> **Task prompt**
Without including any pictures, write out the listing below exactly.

> **Data provided**
-.-.-
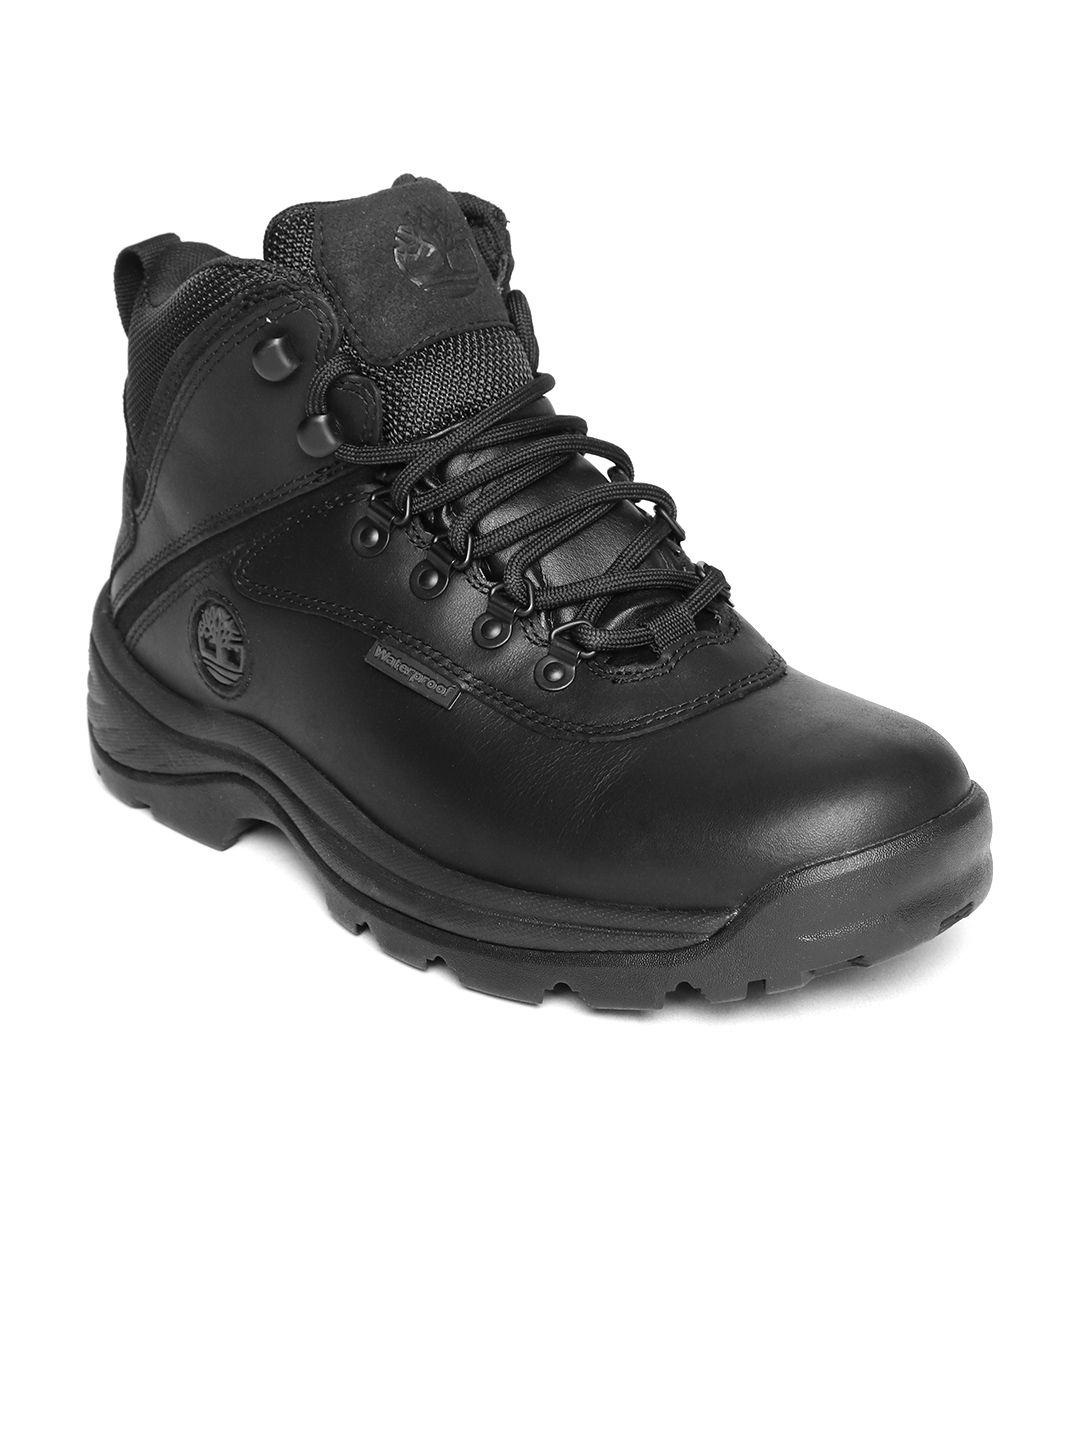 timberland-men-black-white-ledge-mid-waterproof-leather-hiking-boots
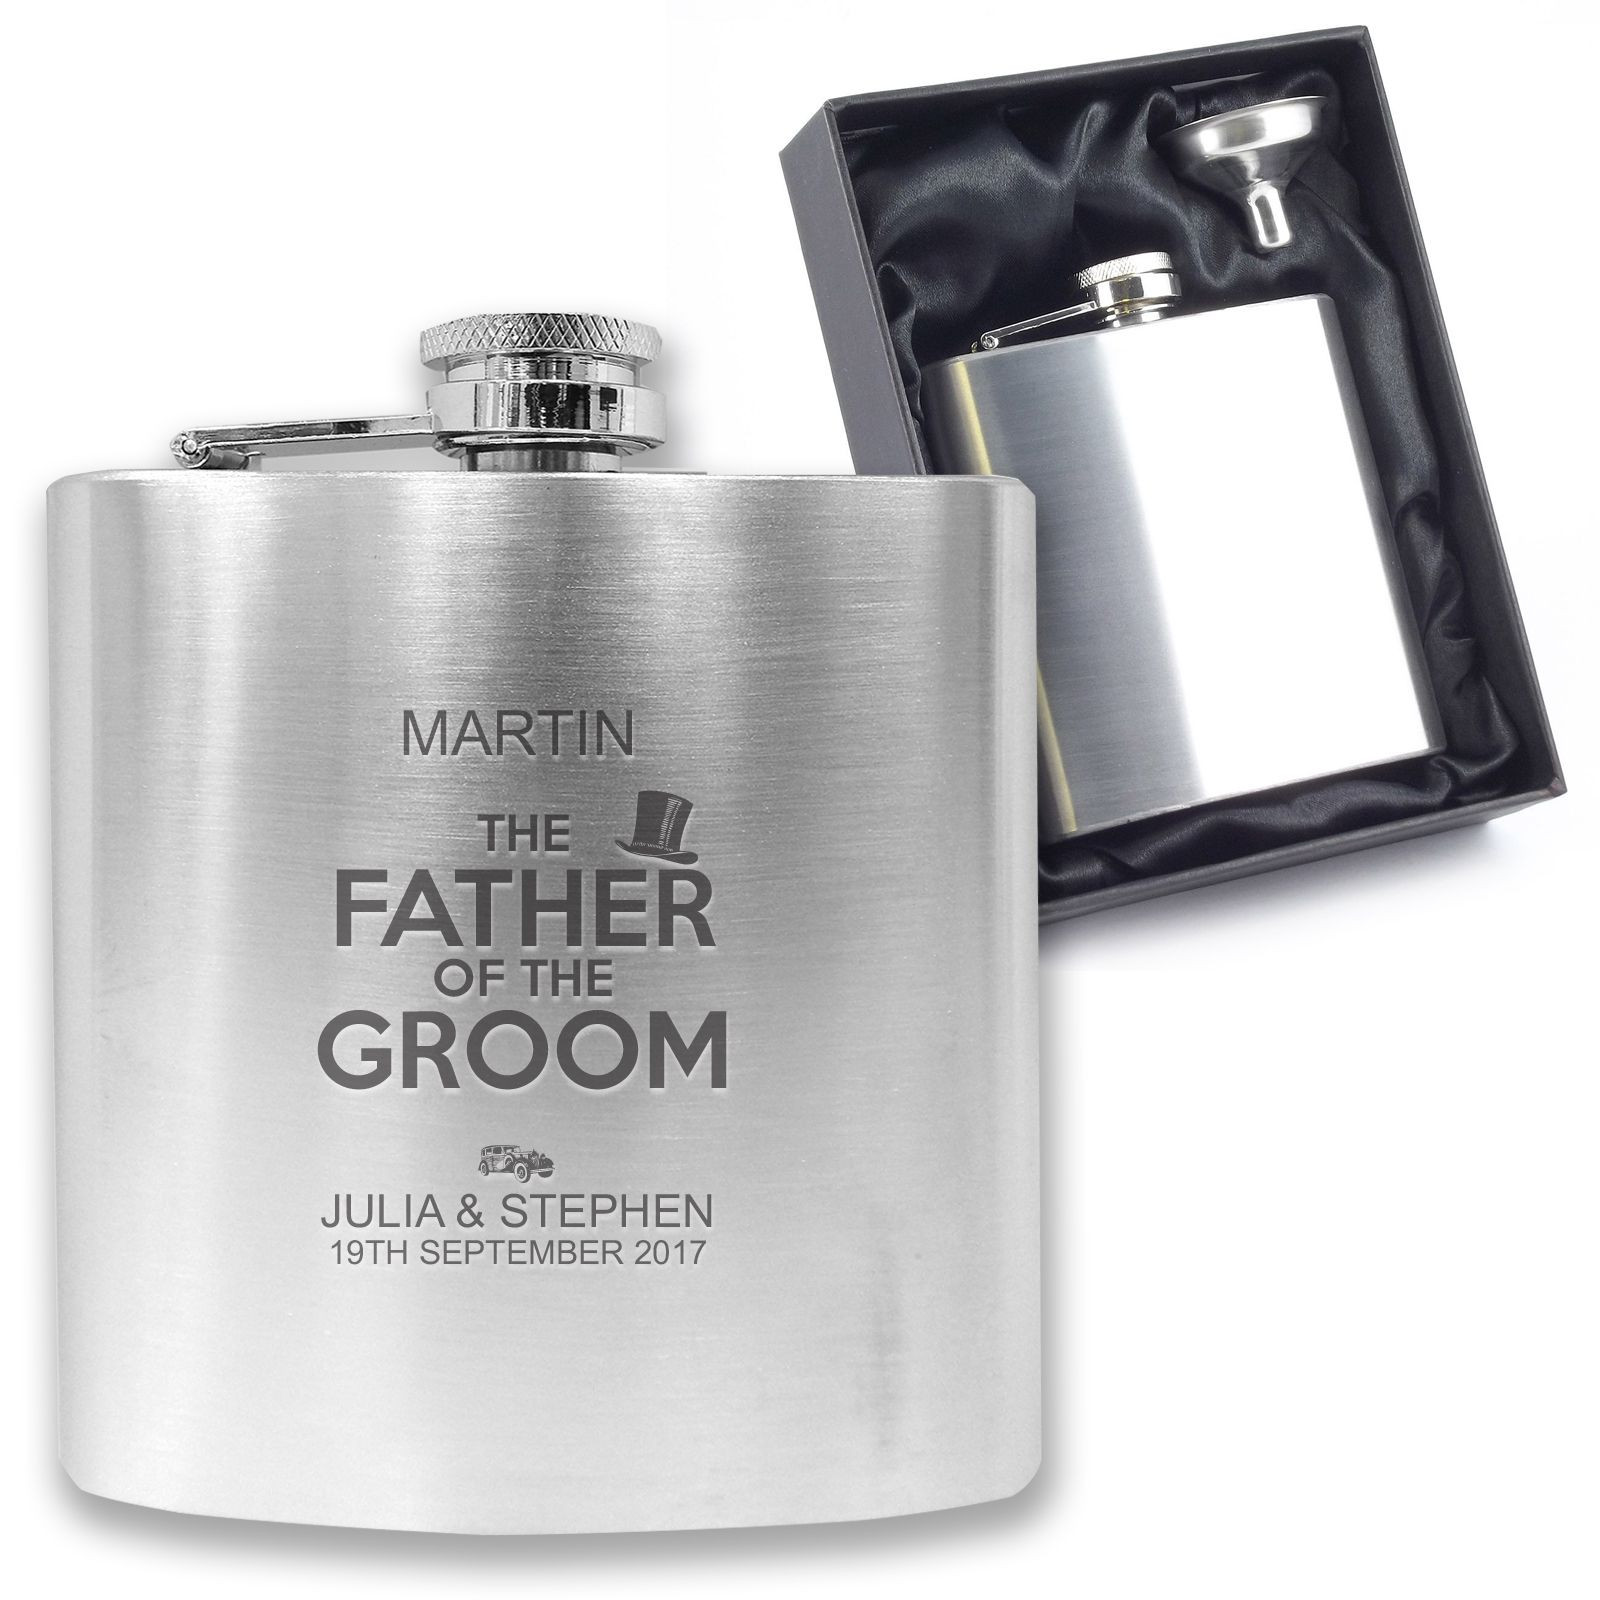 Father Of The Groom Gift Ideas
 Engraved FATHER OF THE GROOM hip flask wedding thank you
-.-.-
> **Exercise result**
 timberland-men-black-white-ledge-mid-waterproof-leather-hiking-boots
 Father Of The Groom Gift Ideas
 Engraved FATHER OF THE GROOM hip flask wedding thank you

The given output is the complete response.